** Opening Records for this exercise block **

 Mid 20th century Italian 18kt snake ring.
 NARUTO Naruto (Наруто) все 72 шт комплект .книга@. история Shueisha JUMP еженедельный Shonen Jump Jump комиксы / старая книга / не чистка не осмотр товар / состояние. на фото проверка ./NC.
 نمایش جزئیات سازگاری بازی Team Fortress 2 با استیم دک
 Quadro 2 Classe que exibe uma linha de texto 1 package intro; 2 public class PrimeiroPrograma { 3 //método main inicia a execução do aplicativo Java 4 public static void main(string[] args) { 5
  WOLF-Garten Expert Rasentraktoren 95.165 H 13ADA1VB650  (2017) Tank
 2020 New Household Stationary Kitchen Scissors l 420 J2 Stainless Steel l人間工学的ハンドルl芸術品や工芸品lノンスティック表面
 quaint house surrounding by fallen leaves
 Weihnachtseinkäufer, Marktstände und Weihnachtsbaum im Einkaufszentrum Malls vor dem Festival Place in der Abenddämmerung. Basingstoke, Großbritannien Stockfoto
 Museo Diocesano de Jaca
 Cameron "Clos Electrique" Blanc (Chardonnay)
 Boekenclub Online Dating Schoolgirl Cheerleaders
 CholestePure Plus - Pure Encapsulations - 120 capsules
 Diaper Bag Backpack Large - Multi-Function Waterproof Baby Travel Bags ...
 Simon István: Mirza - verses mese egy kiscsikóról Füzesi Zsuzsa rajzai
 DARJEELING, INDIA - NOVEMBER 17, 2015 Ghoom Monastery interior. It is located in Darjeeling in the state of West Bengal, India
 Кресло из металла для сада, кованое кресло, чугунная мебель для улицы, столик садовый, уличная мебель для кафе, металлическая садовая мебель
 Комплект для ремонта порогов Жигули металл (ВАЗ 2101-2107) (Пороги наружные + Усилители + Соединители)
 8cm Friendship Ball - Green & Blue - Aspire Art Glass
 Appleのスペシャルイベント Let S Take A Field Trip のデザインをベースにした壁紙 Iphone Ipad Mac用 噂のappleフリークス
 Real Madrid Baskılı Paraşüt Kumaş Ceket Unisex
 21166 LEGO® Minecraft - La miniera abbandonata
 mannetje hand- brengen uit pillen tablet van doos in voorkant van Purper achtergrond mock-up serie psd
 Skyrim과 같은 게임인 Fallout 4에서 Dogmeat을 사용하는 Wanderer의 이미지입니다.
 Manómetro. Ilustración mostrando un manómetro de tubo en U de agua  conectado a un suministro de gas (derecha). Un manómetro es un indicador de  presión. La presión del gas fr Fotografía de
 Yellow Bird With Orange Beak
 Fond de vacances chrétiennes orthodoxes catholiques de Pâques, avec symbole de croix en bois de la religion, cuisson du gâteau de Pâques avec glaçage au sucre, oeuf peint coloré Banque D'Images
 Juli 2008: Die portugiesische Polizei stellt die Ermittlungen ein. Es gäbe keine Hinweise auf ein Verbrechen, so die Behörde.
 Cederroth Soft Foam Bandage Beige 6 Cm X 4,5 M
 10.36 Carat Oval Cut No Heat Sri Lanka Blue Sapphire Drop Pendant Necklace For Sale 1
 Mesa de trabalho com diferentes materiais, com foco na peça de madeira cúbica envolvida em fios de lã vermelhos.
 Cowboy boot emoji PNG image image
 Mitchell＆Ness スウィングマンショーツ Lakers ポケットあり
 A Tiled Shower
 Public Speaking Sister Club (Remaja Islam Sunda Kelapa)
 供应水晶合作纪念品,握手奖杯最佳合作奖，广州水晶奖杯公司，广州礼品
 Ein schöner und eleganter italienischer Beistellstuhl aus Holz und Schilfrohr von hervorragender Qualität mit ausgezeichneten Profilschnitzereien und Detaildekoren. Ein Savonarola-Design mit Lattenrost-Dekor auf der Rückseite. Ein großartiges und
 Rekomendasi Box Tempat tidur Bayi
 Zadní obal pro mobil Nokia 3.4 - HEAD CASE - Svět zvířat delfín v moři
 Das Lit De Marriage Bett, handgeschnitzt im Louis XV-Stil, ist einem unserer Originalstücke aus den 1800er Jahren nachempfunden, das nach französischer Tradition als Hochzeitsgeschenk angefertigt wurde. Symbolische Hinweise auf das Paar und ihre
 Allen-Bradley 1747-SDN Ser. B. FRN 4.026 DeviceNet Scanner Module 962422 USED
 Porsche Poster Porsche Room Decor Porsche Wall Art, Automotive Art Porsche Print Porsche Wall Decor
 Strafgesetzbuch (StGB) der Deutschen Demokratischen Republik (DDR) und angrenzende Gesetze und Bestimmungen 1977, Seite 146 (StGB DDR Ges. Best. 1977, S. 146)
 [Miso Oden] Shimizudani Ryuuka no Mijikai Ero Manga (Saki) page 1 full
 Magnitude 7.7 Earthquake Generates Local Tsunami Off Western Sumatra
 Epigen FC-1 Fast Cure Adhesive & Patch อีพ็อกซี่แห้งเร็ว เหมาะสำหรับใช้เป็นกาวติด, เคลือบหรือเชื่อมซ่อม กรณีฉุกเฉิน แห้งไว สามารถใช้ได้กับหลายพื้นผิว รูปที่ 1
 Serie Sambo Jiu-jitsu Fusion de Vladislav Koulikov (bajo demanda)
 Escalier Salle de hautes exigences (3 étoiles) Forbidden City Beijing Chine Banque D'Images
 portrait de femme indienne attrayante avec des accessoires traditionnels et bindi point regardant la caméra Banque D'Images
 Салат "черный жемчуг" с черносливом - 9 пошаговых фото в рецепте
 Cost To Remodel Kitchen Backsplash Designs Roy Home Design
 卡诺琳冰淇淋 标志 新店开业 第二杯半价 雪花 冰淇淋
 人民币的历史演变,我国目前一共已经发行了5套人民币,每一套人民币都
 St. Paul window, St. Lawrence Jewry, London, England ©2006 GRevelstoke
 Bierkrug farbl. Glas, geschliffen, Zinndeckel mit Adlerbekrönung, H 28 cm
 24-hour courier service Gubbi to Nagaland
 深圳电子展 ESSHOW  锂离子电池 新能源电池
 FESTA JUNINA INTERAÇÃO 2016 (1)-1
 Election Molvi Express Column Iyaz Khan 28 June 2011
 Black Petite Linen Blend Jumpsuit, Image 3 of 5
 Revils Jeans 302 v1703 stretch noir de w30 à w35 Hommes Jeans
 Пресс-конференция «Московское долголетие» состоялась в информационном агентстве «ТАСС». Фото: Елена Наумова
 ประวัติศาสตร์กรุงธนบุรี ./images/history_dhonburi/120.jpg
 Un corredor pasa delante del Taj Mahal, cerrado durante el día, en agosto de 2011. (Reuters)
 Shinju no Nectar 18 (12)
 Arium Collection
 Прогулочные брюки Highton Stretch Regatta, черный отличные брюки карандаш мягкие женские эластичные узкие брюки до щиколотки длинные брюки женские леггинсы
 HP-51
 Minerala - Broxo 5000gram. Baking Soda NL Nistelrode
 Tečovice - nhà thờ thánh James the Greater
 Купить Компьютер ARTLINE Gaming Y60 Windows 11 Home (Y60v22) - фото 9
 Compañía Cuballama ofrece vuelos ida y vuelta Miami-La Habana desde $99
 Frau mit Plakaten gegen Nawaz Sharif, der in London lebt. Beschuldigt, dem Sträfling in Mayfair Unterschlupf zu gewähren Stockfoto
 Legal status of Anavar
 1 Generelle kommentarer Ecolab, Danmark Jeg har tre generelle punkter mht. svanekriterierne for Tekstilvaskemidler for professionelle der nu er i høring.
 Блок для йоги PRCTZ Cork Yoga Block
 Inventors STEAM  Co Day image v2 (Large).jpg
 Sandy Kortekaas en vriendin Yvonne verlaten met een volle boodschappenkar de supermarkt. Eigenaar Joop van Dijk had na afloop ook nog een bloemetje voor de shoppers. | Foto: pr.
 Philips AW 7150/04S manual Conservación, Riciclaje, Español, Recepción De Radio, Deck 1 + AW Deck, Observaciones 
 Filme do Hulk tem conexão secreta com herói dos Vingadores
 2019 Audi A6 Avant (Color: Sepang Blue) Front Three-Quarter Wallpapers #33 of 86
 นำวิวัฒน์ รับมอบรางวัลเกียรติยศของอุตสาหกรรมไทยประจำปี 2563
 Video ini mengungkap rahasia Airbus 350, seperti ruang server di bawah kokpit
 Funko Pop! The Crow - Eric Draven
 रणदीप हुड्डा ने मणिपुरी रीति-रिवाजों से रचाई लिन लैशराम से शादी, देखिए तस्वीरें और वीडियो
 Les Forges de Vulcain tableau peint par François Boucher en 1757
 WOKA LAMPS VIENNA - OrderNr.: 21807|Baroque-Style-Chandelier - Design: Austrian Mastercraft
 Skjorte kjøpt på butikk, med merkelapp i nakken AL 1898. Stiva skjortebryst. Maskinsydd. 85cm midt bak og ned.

** Closing Records for this exercise block **

▸ What to produce:
Beginning at the line above with "[Miso Oden] Shimizudani" and finishing at the line with "Epigen FC-1 Fast", return each line exactly and return nothing else.

▸ Task response:
 [Miso Oden] Shimizudani Ryuuka no Mijikai Ero Manga (Saki) page 1 full
 Magnitude 7.7 Earthquake Generates Local Tsunami Off Western Sumatra
 Epigen FC-1 Fast Cure Adhesive & Patch อีพ็อกซี่แห้งเร็ว เหมาะสำหรับใช้เป็นกาวติด, เคลือบหรือเชื่อมซ่อม กรณีฉุกเฉิน แห้งไว สามารถใช้ได้กับหลายพื้นผิว รูปที่ 1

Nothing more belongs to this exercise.